CAMDO JOIN COALITION
June 18, 2006 by AppropriationArt
Filed under News
Copyright laws stifle artists’ creativity
Art gallery directors and artists demand consultation on proposed changes
Ottawa — Canada’s artists and arts professionals are lobbying for input into copyright legislation that impacts the creation and dissemination of contemporary art. Artists and arts professionals express frustration with the restrictions on creativity that the current laws impose.
“Our current copyright legislation stifles the creativity of artists. It mires them in legal tangles and crippling lawsuits. Artists and arts professionals must have their say in proposed changes to copyright legislation,” says Marilyn Smith, President of the Canadian Art Museum Directors’ Organization (CAMDO).
CAMDO, a professional association of art gallery and art museum directors, is calling on the government to consult artists and arts professionals on any copyright legislation that the government might propose.

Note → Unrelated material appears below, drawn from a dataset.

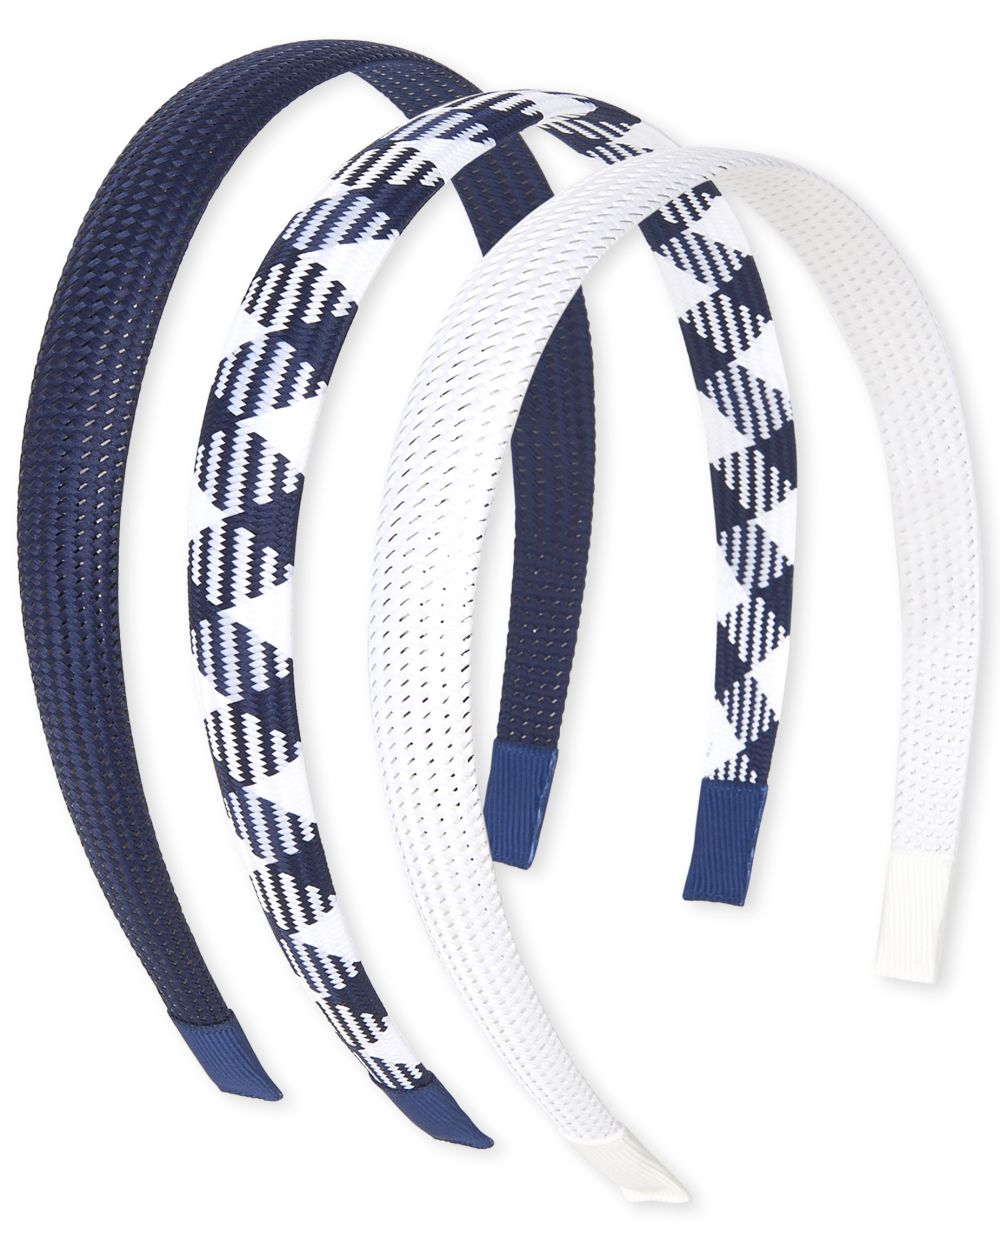 Girls Uniform Headband 3-Pack

“Appropriated images and objects lie at the very heart of much contemporary art practice. It is the role of art to critique and comment on the world around us. Art opens up new ways of seeing, new knowledge,” Smith says.
There have already been several attempted motions put forward in the past weeks to change existing laws. If passed, such motions could result in appropriation becoming illegal.
An initiative led by Appropriation Art—a coalition of arts professionals who incorporate appropriated images and objects in their art work—calls on the Canadian government to adopt balanced copyright laws that respect the reality of contemporary practice. The Coalition argues that Canada’s current copyright laws “put at particular risk those artworks using appropriation, such as conceptual art, art video & film, sound art and collage.”
Art museum and art gallery directors across Canada support the initiatives of Appropriation Art to ground Canadian copyright laws on the three main principles of fair access to copyrighted materials, enabling Certainty of Access for artists, and enabling creative access within the Anti-Circumvention Laws (Anti-circumvention laws privilege technical measures such as digital locks on files that would otherwise be open to commentary).
Appropriation Art’s open letter on June 6 to the Ministers of Canadian Heritage and Industry stated, “Artworks using Appropriation have a long and well documented place in the History of Art. These works are collected and exhibited in major cultural institutions across Canada and throughout the world. We cannot open a book on Modern and Contemporary Art without being presented with some form of Appropriation.”